To cover the meeting at Earl's Court, we sent a reporter who is not a member of any political party. This is his story:-

This was the British Union's first big indoor meeting in London for over three years. A blue-badged steward told me that they budgeted for an audience of 30,000 people, that everyone had to pay for tickets, and that with a good deal of luck they might break even on the rally.

The Daily Mirror and the Daily Express reported next day that a few minutes after the meeting had begun, officials shouted "There are plenty of free seats," and the crowds rushed in.

The News Chronicle said there were 20,000 people present. The Daily Mirror said "about 10,000 convinced Blackshirts." The Times said the hall, estimated to 30,000, was ''fairly well-filled." [2]

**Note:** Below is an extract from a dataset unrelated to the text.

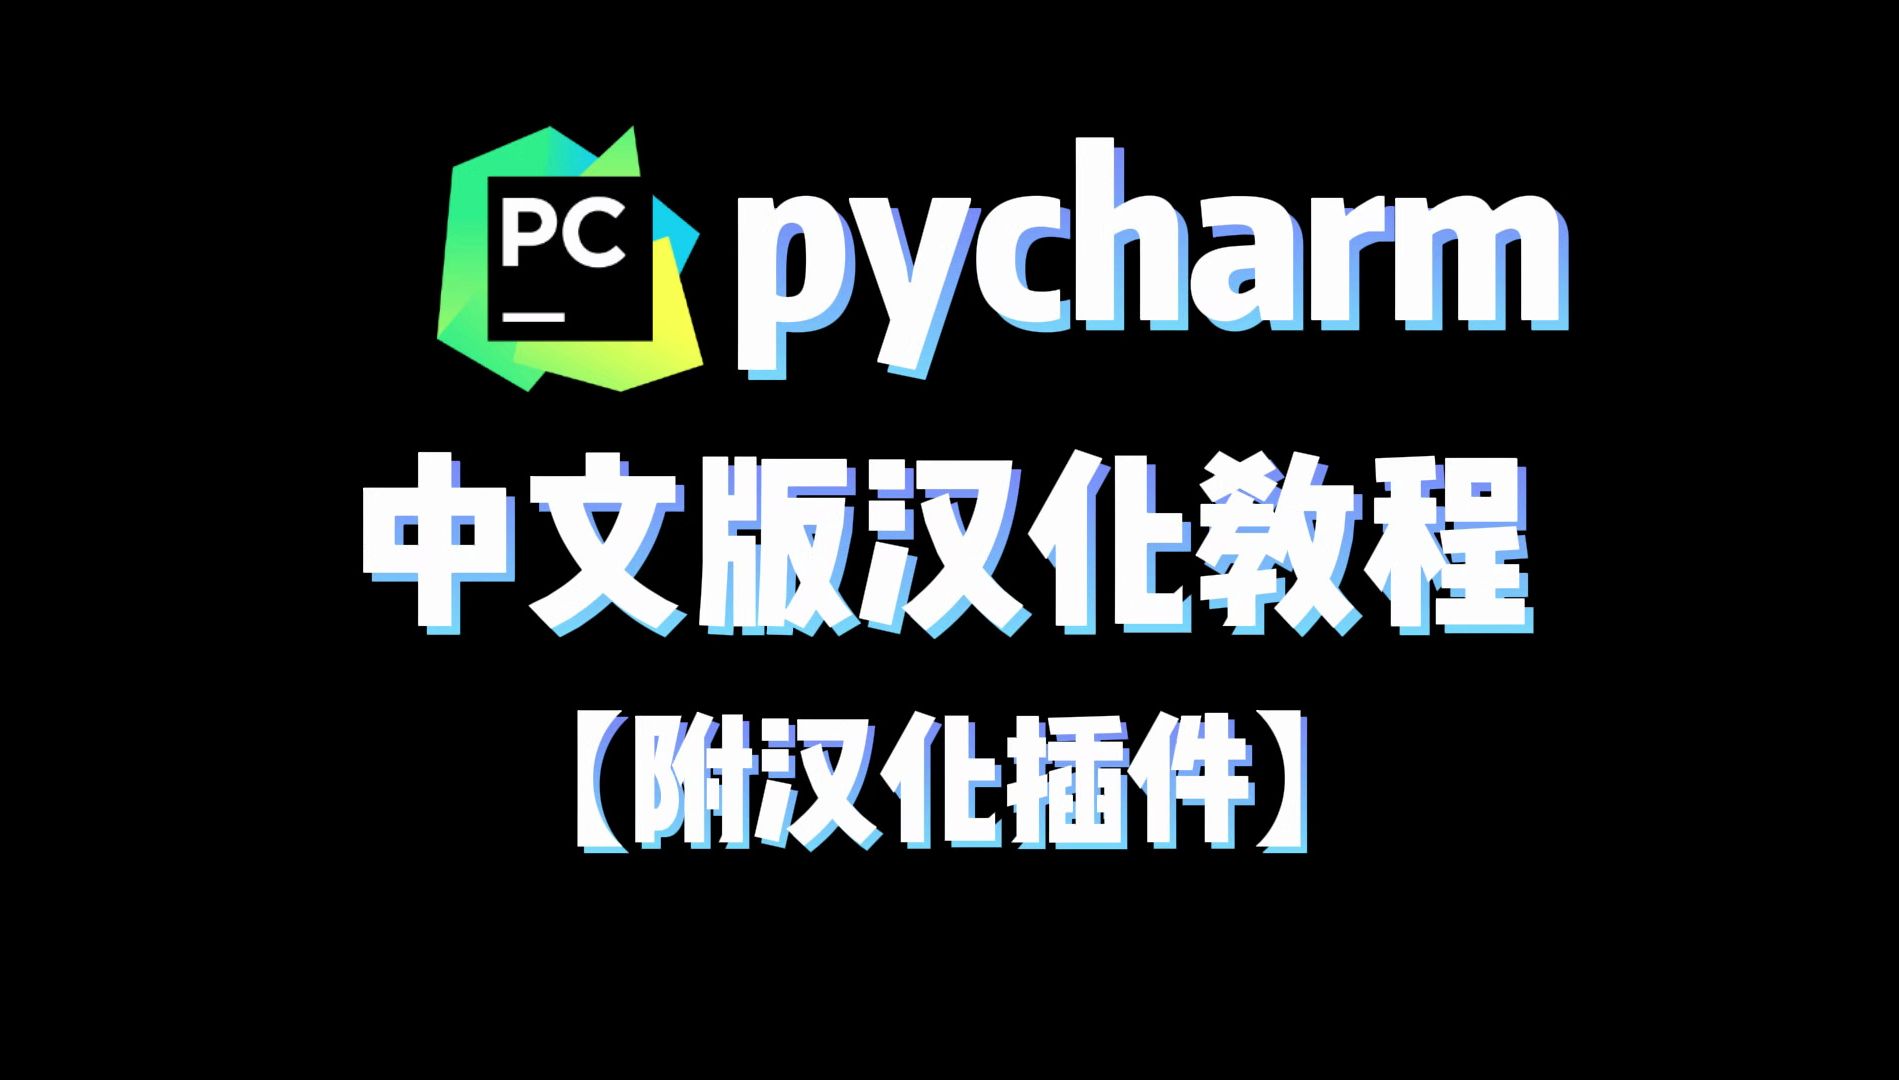 pycharm汉化教程，英文转中文，超详细教程【附安装包+插件】一分钟掌握，再也不担心看不懂英文啦

The crowds were already flooding into their places at six-thirty. I should say that they seemed to be a younger than average crowd and—perhaps because they were wearing Sunday suits—better dressed. In the first fifteen rows (where the seats cost 10s. 6d.) there were a few of the fashion-plate type of clubman. The proportion of men to women seemed to be about two to one. I was told that about 5,000 stewards were on hand.

By ten minutes past seven most of the crowd were in their seats and community singing started. The hall was arranged on a red, white and blue colour scheme with large slogans such as "Britons Fight for Britain Only" and "Unite for Peace and People." At the front of the hall was a flight of white cloth-covered steps, stretching from one side to the other, and in the middle was a large pulpit about twenty feet high from which Sir Oswald Mosley was to speak.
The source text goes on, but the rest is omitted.